RE: Lamborghini Aventador S: Review
Discussion
Twoshoe said:
I'm surprised you didn't add that all SLKs are driven by hairdressers. Oops, sorry, wrong thread.
I agree, fantastic car; mad, silly, old-school perhaps but we should all be glad it exists. I'll have mine in that blue colour please.
Sorry, missed that cliche. Doesn't have a roof so isn't as stiff when cornering at 125mph as an LMP1 car so therefore it's crap. I agree, fantastic car; mad, silly, old-school perhaps but we should all be glad it exists. I'll have mine in that blue colour please.
Yes Lamborghini do a fantastic blue colour. Can't find the name but this
Kieran1985 said:
I just think that we are obsessed with cars that are "on a knife edge" and only really become exploitable or feel alive on a track. Like I said these are all road cars designed to be driven on the road. You take a Ferrari or a 650s or whatever for a blast and they are intimidating, will it bite and kill me. I'm not saying cars shouldn't be exciting but I do think there is a middle ground. It's a bit like what James May says with the Nurburgring. If a car is developed to be as sharp as it can be on a track, chances are it won't work as well on the road. It'll crash over bumps, spikey handling etc. We seem to judge cars on other people's opinions and what others may think about the car we chose to drive, rather than whether or not we actually enjoy or are capable of driving the thing in the first place where it was designed to be used. The only way I see you can emulate one of our friends or their footballing brethren would be to wrap it in some garish colour and fit the loudest exhaust you can. And they do that to any car they can. Not just Lamborghinis.

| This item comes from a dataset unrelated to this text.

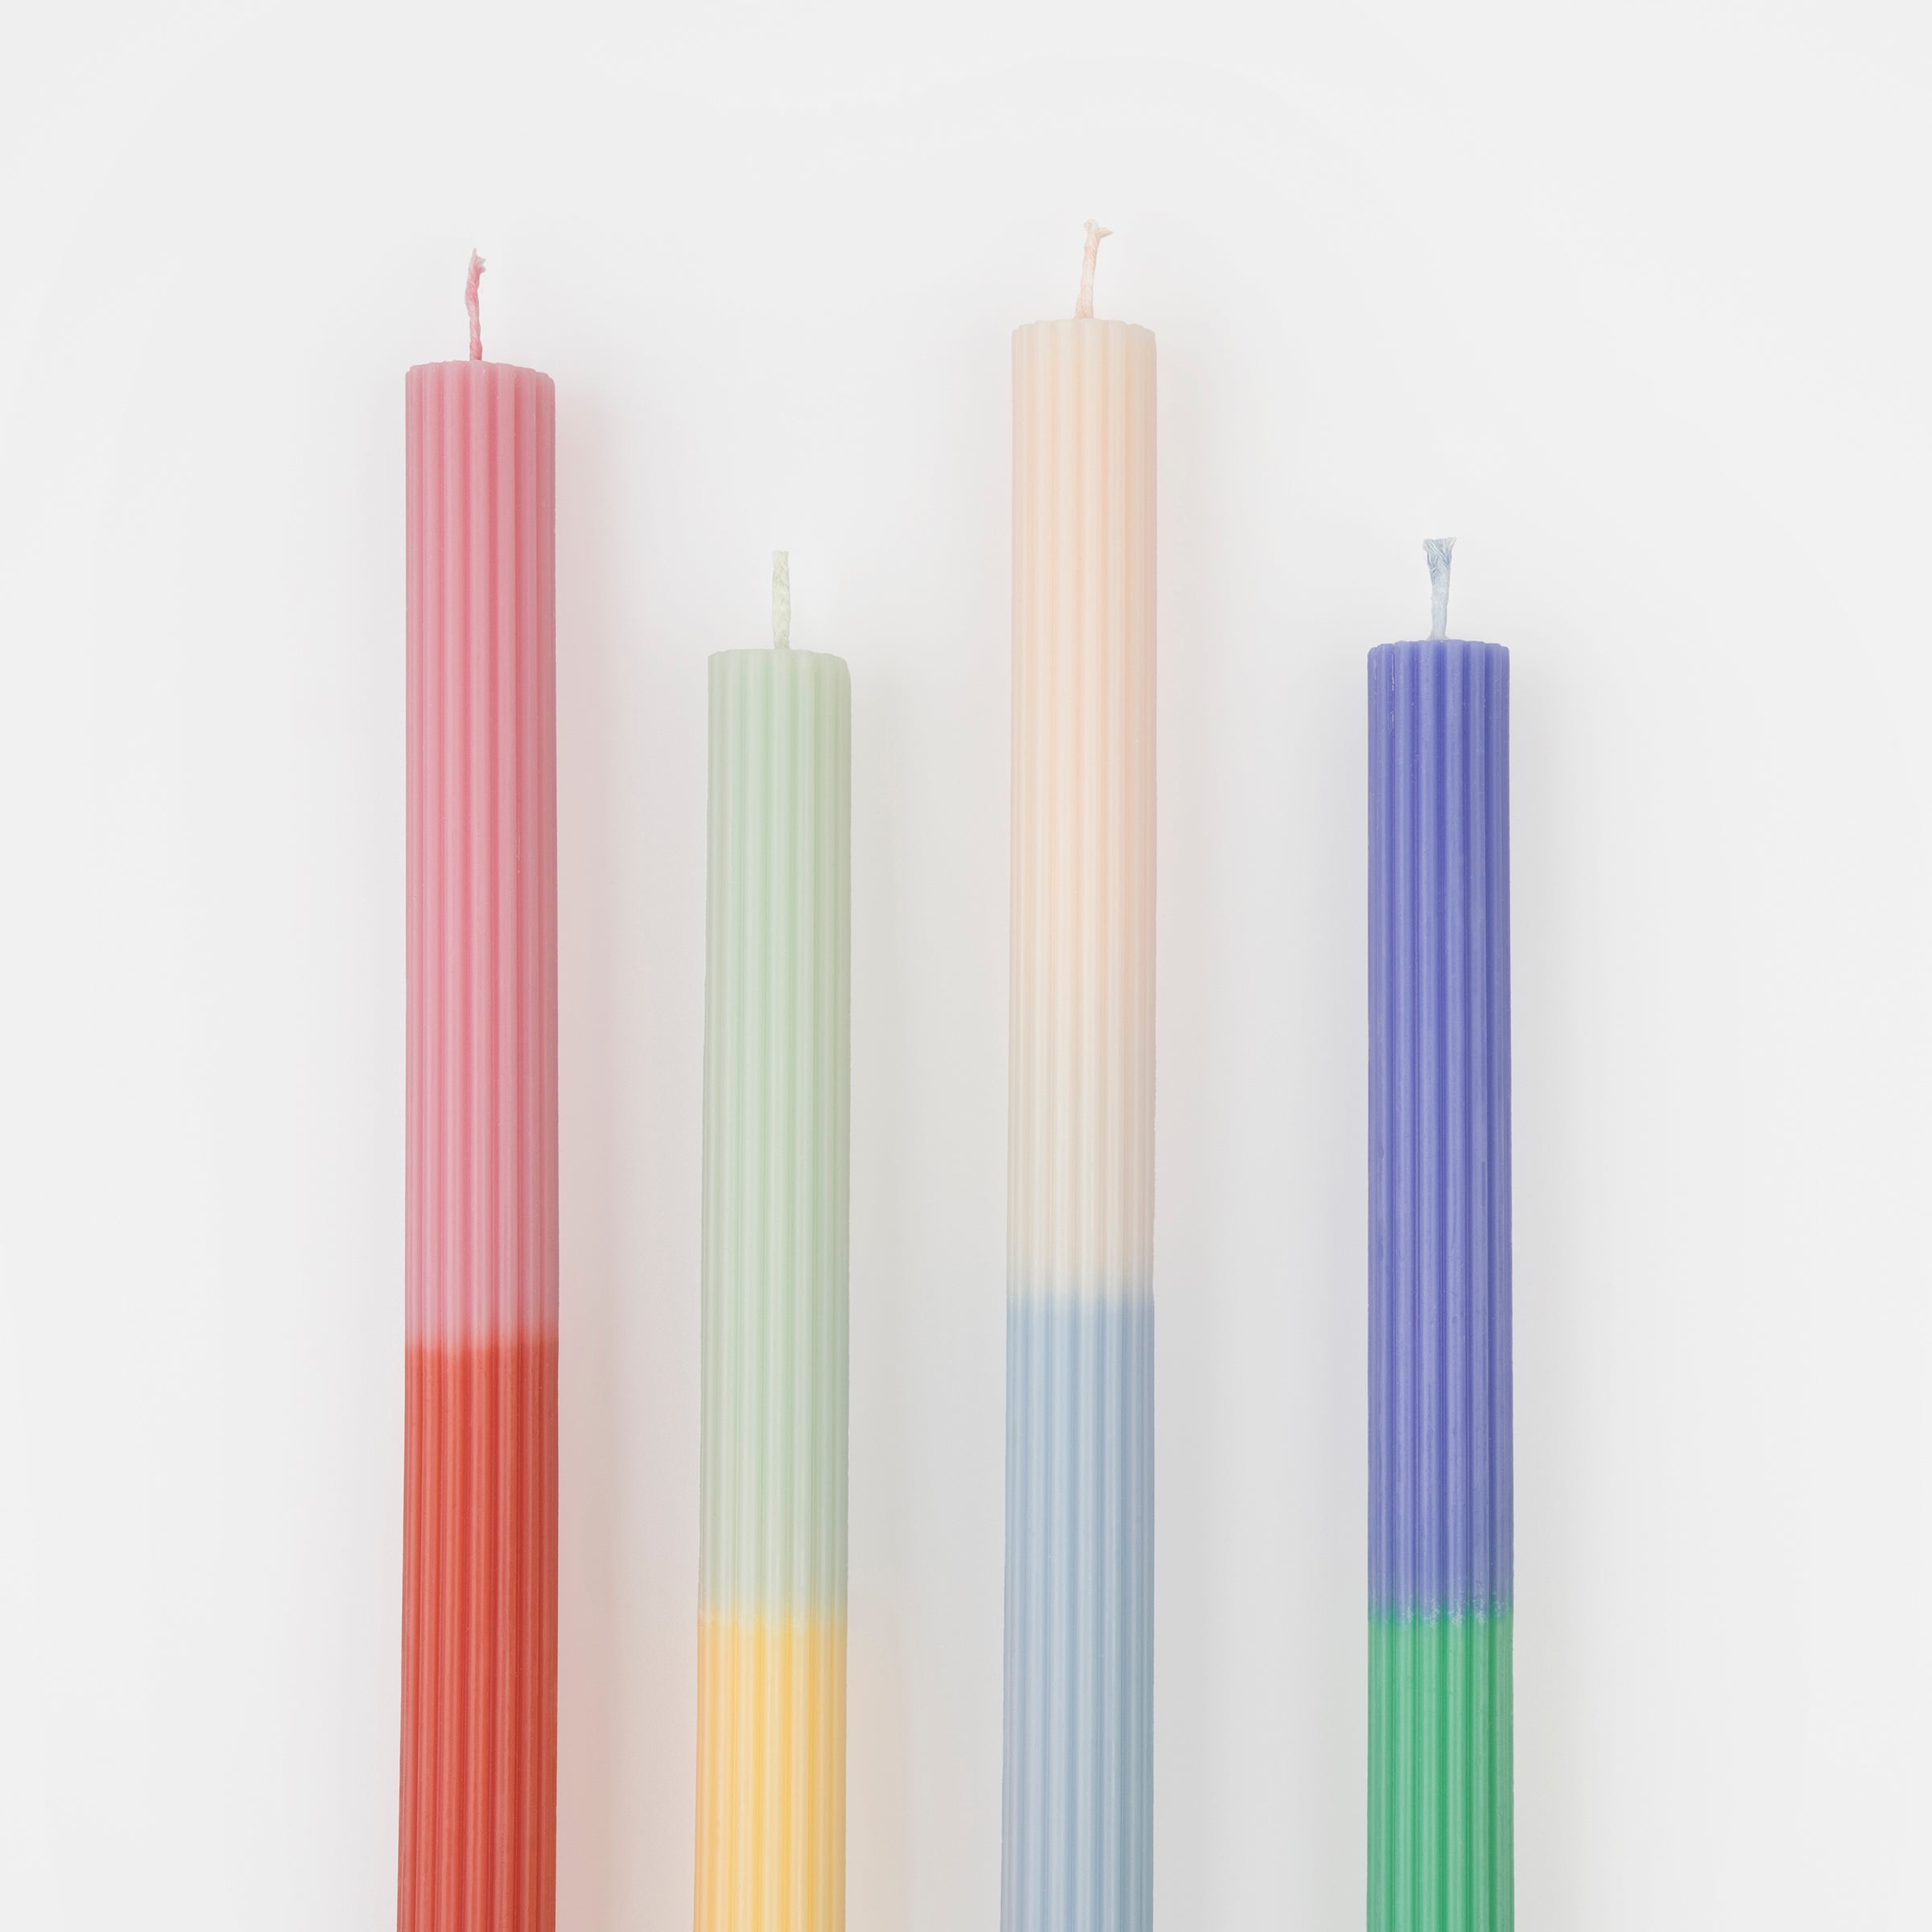 Our table candles are colorful and will look amazing as party table decorations.

I can't imagine a better place for tuning out spikey handling than the Nurburgring. That is why they often feel dead in normal road driving. What do you want in a road car - spikey and engaging, or inert and stable? The funny thing is that inert/stable cars can be just as intimidating as cars with twitchy handling. You get no feedback change as you drive quicker, because the car is so stable there is nothing to report. You have to be going insanely quickly on the road to enter the interesting handling area, where the response of the car becomes non linear.big_rob_sydney said:
So, roughly triple the price of a GTR only to have less performance unless chasing VMAX.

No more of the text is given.